Thank you for the kind help.
The input is each line of one hot encoded DNA sequence, the size of tensor is torch.Size([7393, 4200, 4]), which means I have 7393 lines of 4200 DNA bases which is encoded as [0, 0, 0,1] for example. 7 or 8 is changed with the change of batch size as 7 and 8, I have some trouble in understanding its correlation.
And also, is it possible to remove the batchnorm layer if the regression performance is okay?

Based on this description your input shape and model architecture are wrong.
By default nn.Conv2d expects a 4-dimensional tensor in the shape [batch_size, channels, height, width]. In recent PyTorch version the batch dimension might be missing and PyTorch will then treat the input as a single sample.
I have to admit that I’m not a huge fan of this behavior and prefer the explicit requirements regarding the shape etc. as this could yield confusing error messages and debugging as your use case shows.

Now look at this code snippet:

# setup
conv = nn.Conv2d(in_channels=8, out_channels=32, kernel_size=1, stride=2)

# standard approach
x = torch.randn(1, 8, 24, 24)
out = conv(x) # works

# missing batch dimension
x = torch.randn(8, 24, 24)
out = conv(x) # works
# torch.Size([32, 12, 12])

x = torch.randn(7, 24, 24)
out = conv(x) # fails
# RuntimeError: Given groups=1, weight of size [32, 8, 1, 1], expected input[1, 7, 24, 24] to have 8 channels, but got 7 channels instead

Based on your description I guess you are also passing a 3-dimensional input tensor to the model with a shape of 7 or 8 in dim0.
In this case this shape will be interpreted as the channel dimension not the batch dimension and will thus yield the error.

If you want to use 7/8 as the batch dimension, the in_channels of the first conv layer has to be changed as it specifies the input channels not the batch size.

Could you describe the input shape in more detail, i.e. how many dimensions and which shapes are used?

Thank you for the informative demo.
The input of model in my case is a sheet containing gene id, 4 DNA features and labels.

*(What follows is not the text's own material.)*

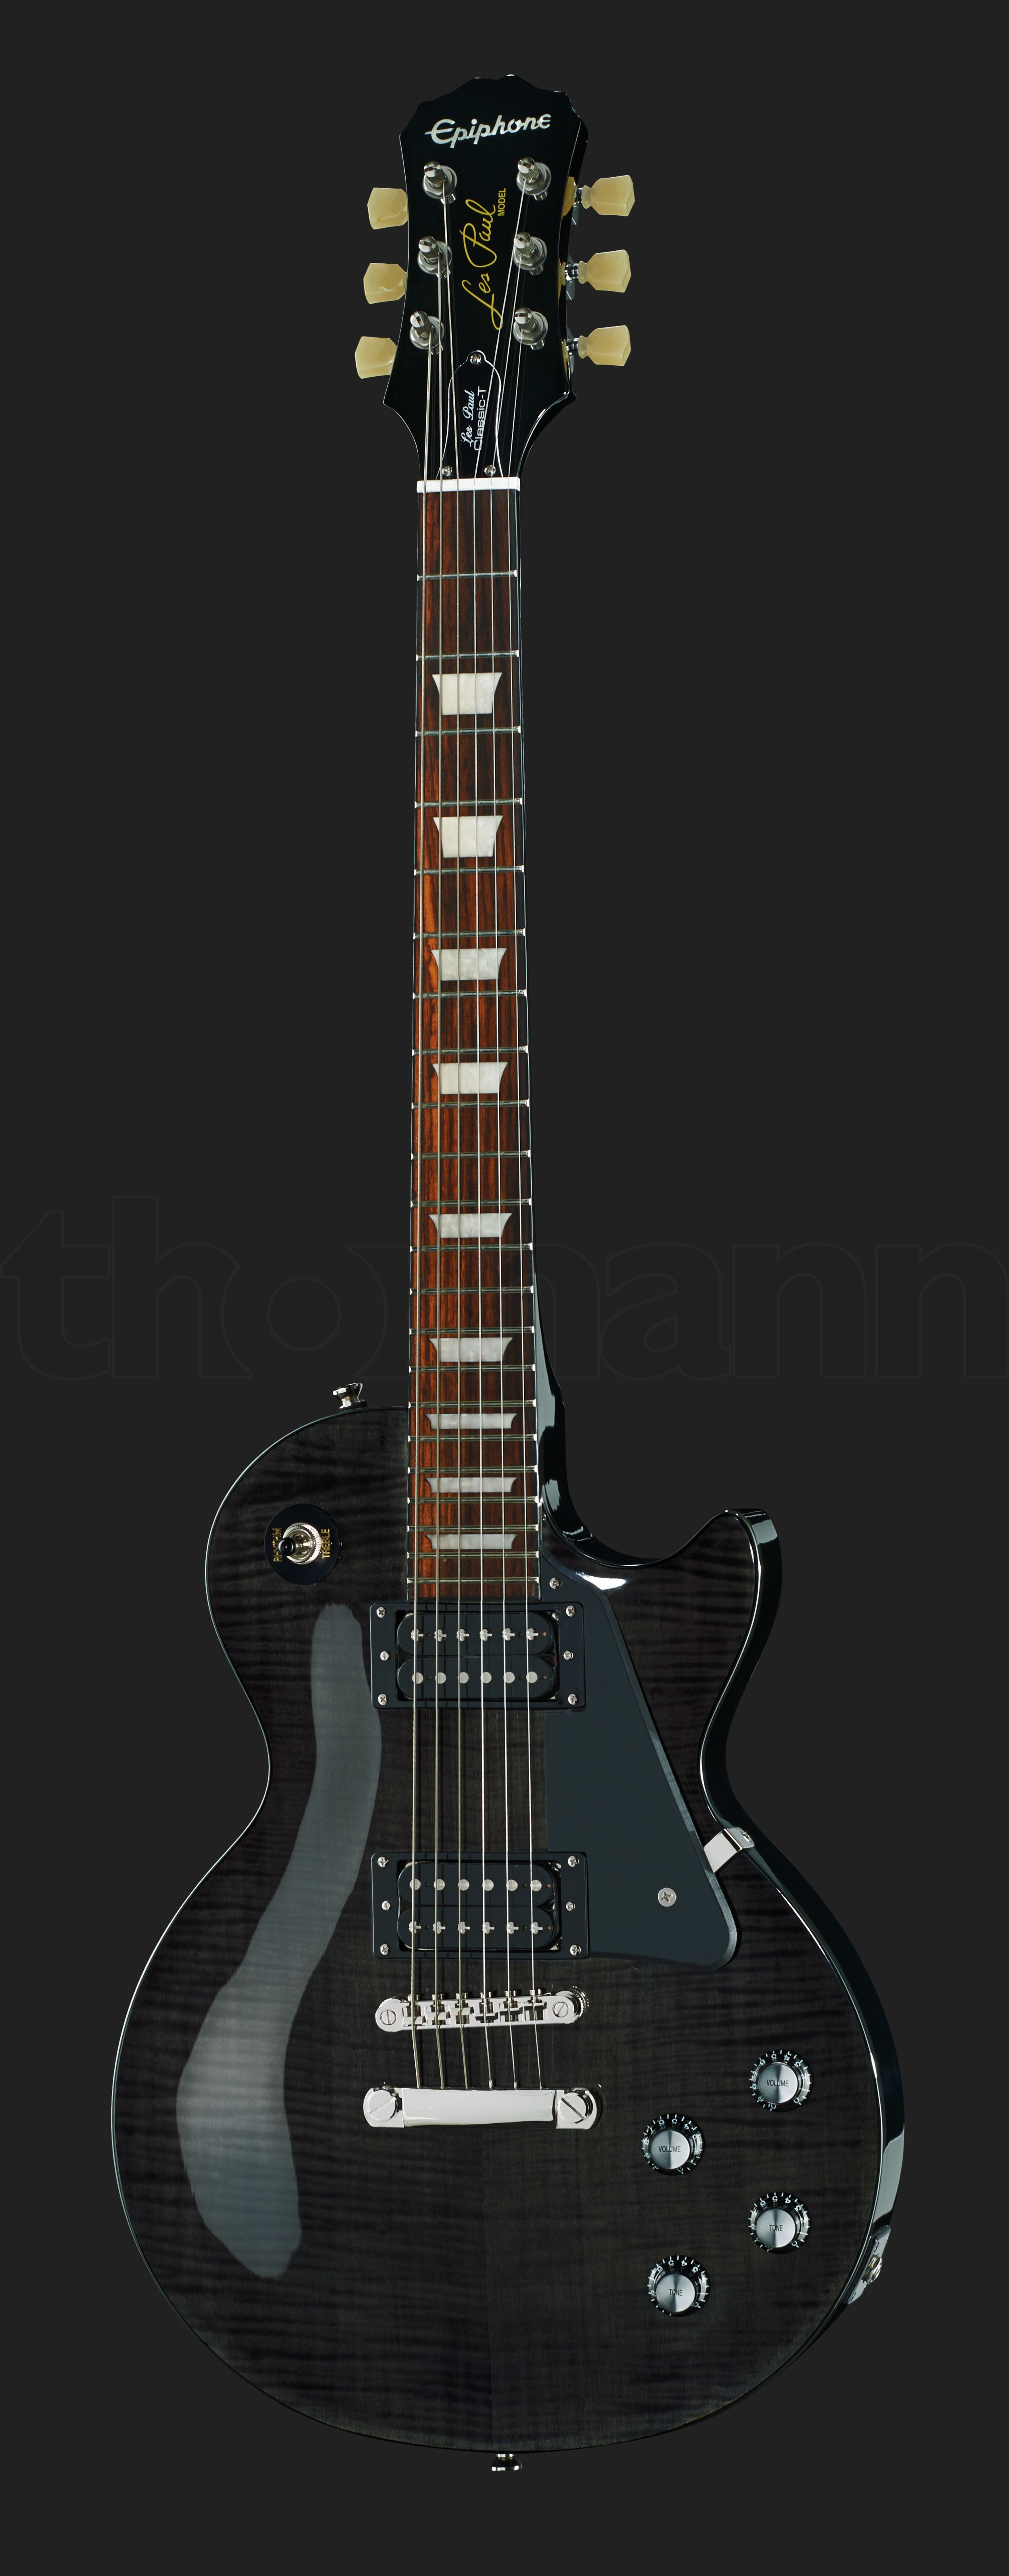 epiphone les paul classic t me thomann greece electric guitars epiphone les paul epiphone. Black Bedroom Furniture Sets. Home Design Ideas

Each DNA feature has different length, for example, 3000, 300, 300, and 600 bases, and each base has been transformed to one hot encoding, such as [0, 0, 0, 1], [0,0,1,0], [0,1,0,0] and [1, 0, 0, 0], all features are concatenated and transform to tensors after the one hot transformation. I have 7393 genes, so the shape of input may be (7393, 4200, 4). And the batch size is 8.